Columbia Non-Neutral Torus
Stellarators, given their steady-state operation, hold particular promise for a sustainable fusion energy system. Their potential has been further elevated by the advent of high-temperature superconductors (HTS), which allows for nearly-zero resistance magnets to operate at a higher magnetic fields and temperatures. HTS magnet technology greatly boosts system performance as fusion power is proportional to the magnetic field strength to the fourth power (B4). Adding another layer of promise is the concept of quasi-symmetry, a type of stellarator configuration that significantly increases particle confinement through optimal shaping. This project seeks to leverage both quasi-symmetry and HTS magnets to make a next-generation university-scale stellarator device.
The CSX device will consist of four coils, two of which are interlocking, non-planar, superconducting coils capable of generating a magnetic field up to 1 Tesla.

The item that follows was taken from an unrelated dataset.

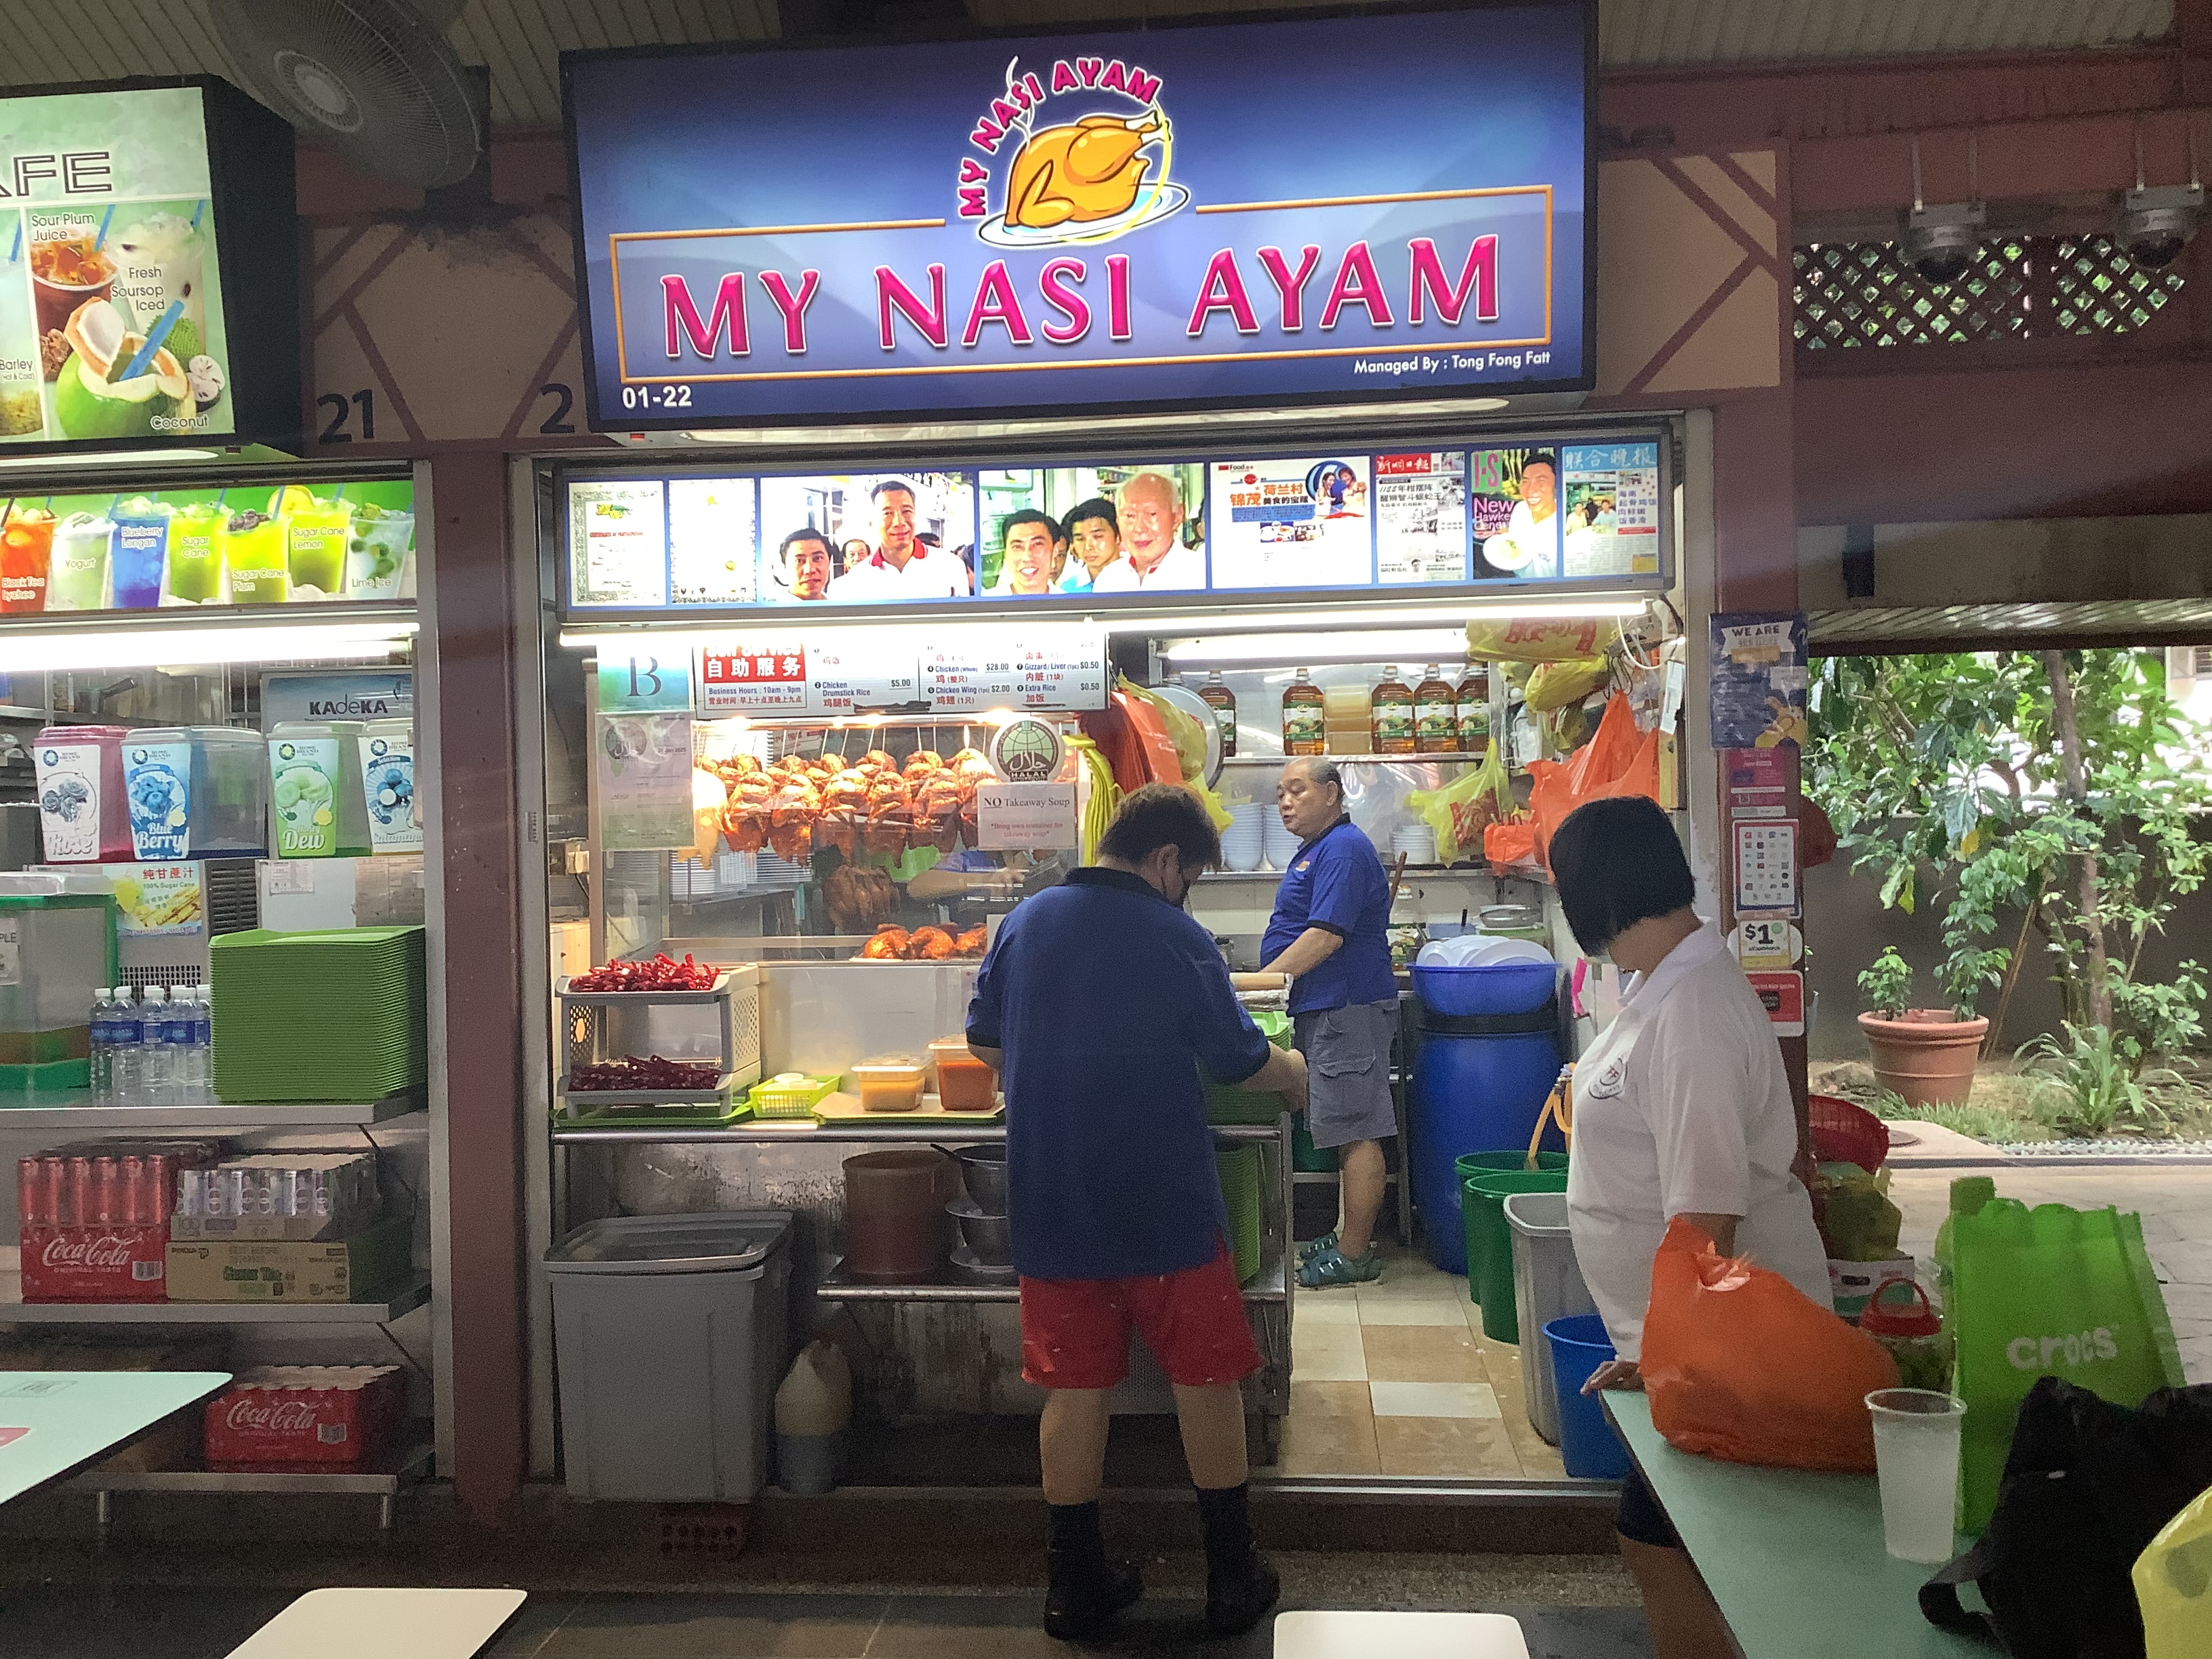 My Nasi Ayam (Hawker Stall)

These superconducting coils incorporate a 3D-printed metal 'bobbin' that are designed, strain-optimized, and assembled in-house. They will be layered with multiple winds of HTS, solder-potted for enhanced structural integrity, and encased within a cryostat for radiative shielding. The coil design leverages advanced winding techniques, low-resistance joint connections, and a series of cold heads for efficient cooling. These coils will live in the 1.5 m diameter vacuum vessel that currently houses the CNT and will be heated by a 10 kW 2.24 GHz magnetron. Experimental efforts, led by Dr. Carlos Paz-Soldan, are currently developing a scaled-down prototype that mirrors the main design's materials and procedures. In parallel, Dr. Elizabeth Paul leads the computation and theory team, which is refining the design of the full-sized coils and optimizing their resulting plasma boundaries.